The term "marker" refers herein to a pseudo-random number (string, value, cryptographic key, etc.) associated with credentials to use one or more services provided by a security token.
Fig. 4 is a flowchart of a method for serving an application by a security token, in a situation wherein the security token provides services to a plurality of applications, according to a further preferred embodiment of the invention.
The process starts at block 200.
From block 201, if this is the first time the service from the token has been requested by the application during the present login session of the computer (or the login session of the token or the login session of the application), then the flow continues with block 202, wherein the user is authenticated (e.g., by presenting a password); otherwise, the flow continues with block 206.
From block 203, if the user is positively authenticated, then at block 204 the token generates a marker, and provides the marker to the application; and at block 205 the marker is cached; otherwise, the flow continues with block 209, wherein the token denies the service.
At block 206, instead of presenting the user authentication information to the token, the application presents the marker to the token.
From block 207, if the marker is valid, then at block 208 the token provides the requested service to the application; otherwise, at block 209, the token denies the service.
According to one embodiment of the invention, a marker has a predefined lifetime, i.e., once the marker expires, the token generates a new marker and provides it to the application.
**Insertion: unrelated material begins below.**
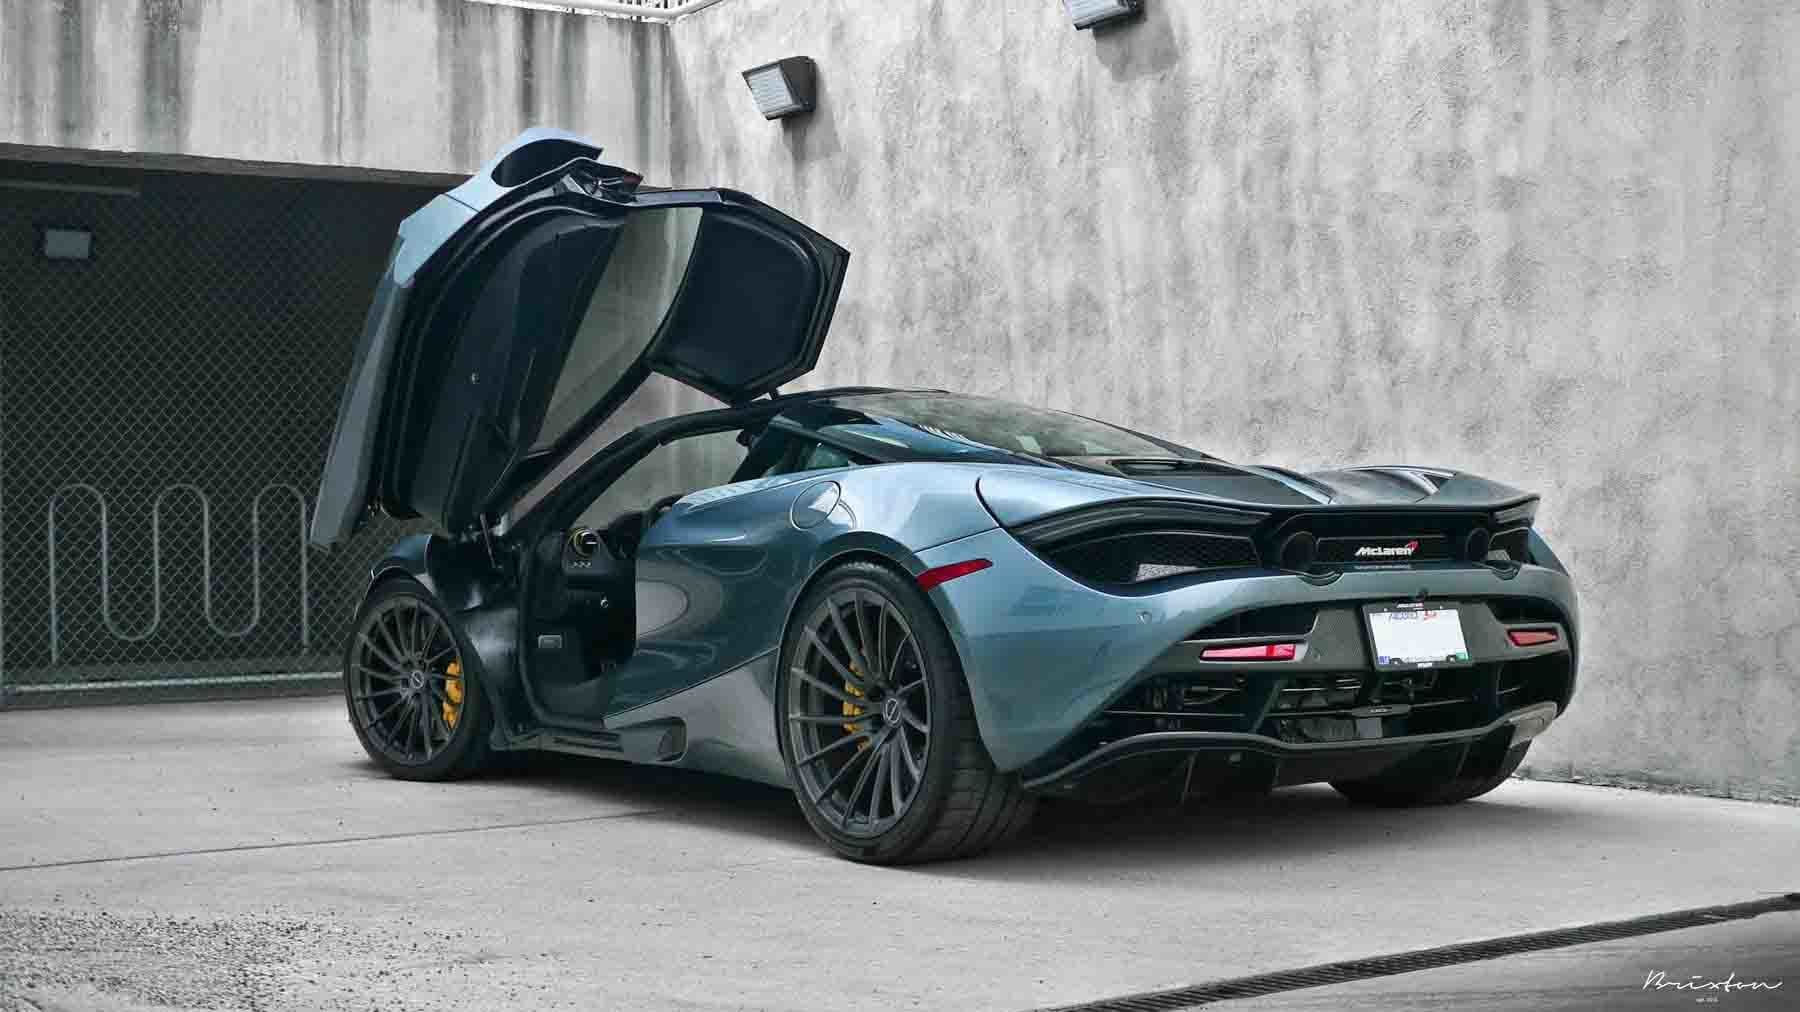 images-products-1-2912-232975200-polaris-blue-mclaren-720s-performance-brixton-forged-wheels-r15-ultrasport-1-piece-concave-brush.jpg

According to this embodiment of the present invention, the markers are cached, like user identification information, which means exposure to hackers, but on the other hand, they have a restricted lifetime, which results with minimizing the security leak.
Fig. 5 is an extension of the flowchart of Fig. 4, in which the marker has a limited "lifetime", according to a preferred embodiment of the invention.
At block 304, the token generates a marker, and provides it to the application. The marker has a limited lifetime, e.g., 5 minutes.
At block 306, the application presents the marker to the token. From block 307, if the marker is valid, then from block 310 if the lifetime of the marker has not been expired, then from block 311 a new marker is generated by the token and provided to the application in block 308. However, if in block 307 the marker is not valid, then in block 309 the token denies the service.
Those skilled in the art will appreciate that the invention can be embodied in other forms and ways, without losing the scope of the invention. The embodiments described herein should be considered as illustrative and not restrictive.

Claims

1. A method for serving a plurality of application programs by a security token, the method comprising the steps of: - providing to each of said applications a credential for accessing a service provided by said security token, wherein the credential of any application differs from the credential of any other said application;
- upon requesting said service by one of said application programs, authenticating the user thereof; and - upon positively authenticating said user by said token, providing said service to said application.
2. A method according to claim 1, further comprising the steps of:
- upon requesting said service by one of said application programs a first time in a session, authenticating said user and caching the user identity information thereof; and
- upon requesting said service by said application program a second or subsequent time in said session, retrieving said cached user identity information, and presenting said information to said token.
3. A method according to claim 2, further comprising the step of:
- upon positively authenticating a user:
■ providing to said application a marker;
■ caching said marker; and ■ upon requesting said service by said application program a subsequent time in said session, retrieving the cached user identity information, and presenting said information to said token.
4. A method according to claim 2, further comprising keeping said marker valid for a time period.
5. A method according to claim 2, wherein said session is selected from the group comprising: the time period from when said security token is plugged into a computer until said security token is unplugged from said computer, the time period from when said application program starts to be executed until said application program stops its execution, the time period when said computer is turned on until said computer is turned off.
6. A method according to claim 1, wherein said service is selected from the group comprising: storing information, storing a cipher key, storing a password, storing confidential information, storing private information, generating a password, generating a one-time password, digitally signing a document.
7. A method according to claim 3, wherein said marker is selected from the group comprising: a pseudo-random number, a pseudo-random string, a pseudo-random value, a cryptographic key.
EP07706164A 2006-02-28 2007-02-20 A method for serving a plurality of applications by a security token Withdrawn EP1989815A4 (en)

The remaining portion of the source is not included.